2016 to Current: Independent Consultant for small, entrepreneurial companies looking to scale and grow their companies. 2005-2016: C Level executive repressible for security operations and the information security programs of a $6 million dollar managed security services company.
Associates degree in Industrial marketing. Bachelor’s degree in Technical Training. Master’s degree course work in Organizational Development. 1st 20 years, I worked as a mechanical technician for power plants, manufacturing complexes, commercial facilities and health intuitions. I took care of the equipment and systems; also did extensive systems troubleshooting. Next 15 years, I worked in Operations for commercial service companies. I built service programs, developed service offerings, managed service groups, designed company-wide workflows and directed multiple performance improvement initiatives. Last 15 years, I’ve worked with and for small, entrepreneurial companies. Some were startups, some were managed services. I worked “in the business” on the day-to-day activities as well as “on the business” with strategic and tactical initiatives.
On a regular basis, I'll look over petitions by different organizations on issues that interest me. About 50% of the time, I’ll sign the petition . On occasion, I’ll follow-up with an email to select legislators that are my local or national representatives. Only money donated to a political campaign was to Marianne Williamson during the 2019-2020 primaries. Maybe $100.
Currently not an active member of any groups or associations.
From 1994-2016, I managed commercial service operations groups primarily serving Colorado businesses and customers. The commercial service business can be quite challenging, given the many different situations and types of people you have to deal with on any given day. My role was to serve the customer to the best of my ability by getting the right techs to the job without putting the customer or business in jeopardy. Being transparent with people defused quite a few emotionally charged situations. Since 2016, I’ve been working as a strategic advisor to small, entrepreneurial companies who want to scale and grow their business. My primary role is to determine their current company status, listen to their desired business goals, and then create a clear line of sight to their targets, often using a “road map”. There is a lot of potential confusion and mischief with helping an organization define their current status and their desired goals, especially in small organizations where the Founders are still involved with the business. You need patience and well-honed listening skills to guide them towards articulating the purpose of their business and why they do what they do. Many of the standard business protocols, while informative, rarely serve a small business because a fair number of them were designed for and used by large organizations. They are overly complicated and often not relevant to the small business environment. That’s were I step in and help mold good business and operational practices to service their specific business environment. I start with where they are at and build upon that.
If there ever was a time where knowledgeable people with a sense of fairness and balance need to step up and help this country—now is that time; I am that kind of person. We need to make sure any government sponsored activity is conducted with so that its focus remains centered on the benefits to the everyday citizen. We have to acknowledge and go beyond our biases to build a cohesive effort that serves the people. That’s what I am great at, that’s what I would bring to the commission on Day 1.
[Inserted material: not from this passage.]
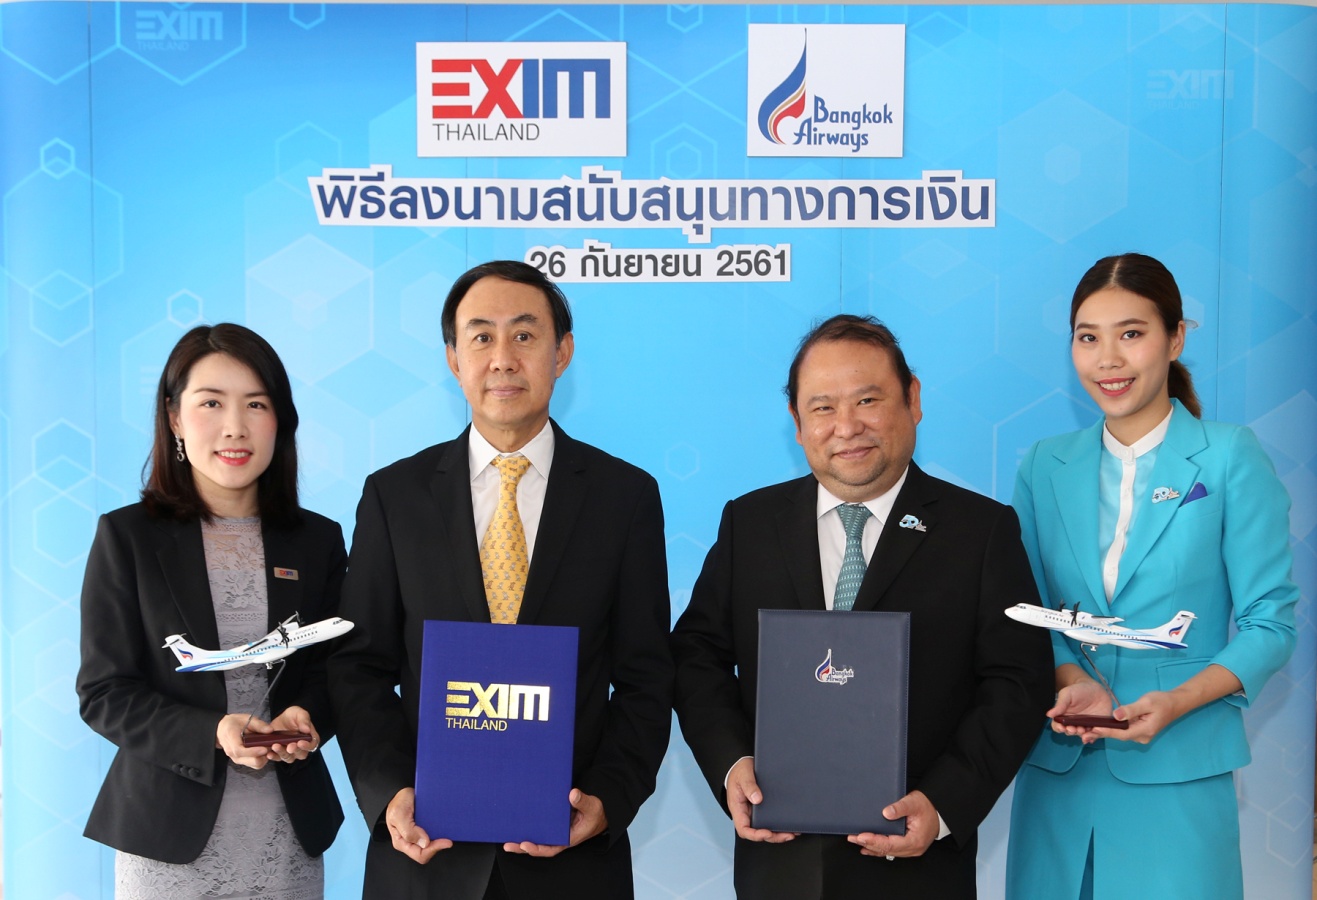 EXIM Thailand Finances Bangkok Airways’ Acquisition of Aircraft to Serve Route Expansion and Economic Growth in Asia

I rarely react because I’ve trained myself to receive incoming information, consider it and then respond. I’m aware of my biases and can go beyond them to adopt the bigger picture as the guiding principle. When there is a disagreement or difference of opinion, it never gets resolved through a rigorous defense or active manipulation of the involved data or people. Differences of opinion get resolved by acknowledging those differences and finding common ground between the groups based on what really matters for the outcome of the activity.
Over the last 15 years, I’ve performed many information security audits for over two dozen organizations using a variety of different industry or regulatory standards. There’s the “letter of the regulation or standard” and there is the “intent” behind the individual controls. Given not all information and data environments are equal, you have to be very skillful in interpreting a control from a standard to see if it is needed and then being properly applied in a company’s specific data environment. A fair number of times the gray area of the standard and the customer’s lack of knowledge on the standard or the control has to be dealt with—before you attempt to assess its applicability and then its effectiveness. Some of these controls, if not properly assessed and implemented, can cost millions of dollars and can cause massive personal privacy exposure in the event of a data compromise. At the same time, a number of the controls could have an adverse impact on a company’s business operations and budgetary restrictions, if hastily applied. Deep listening to the client supplemented with plan speaking often resolves the issue in a way that balances the need for security with the need for a well-run and profitable operation. That’s the science and the art of data security compliance. It doesn’t have to be grueling or adversarial engaged; it should be a collaborative effort that people can participate in with dignity.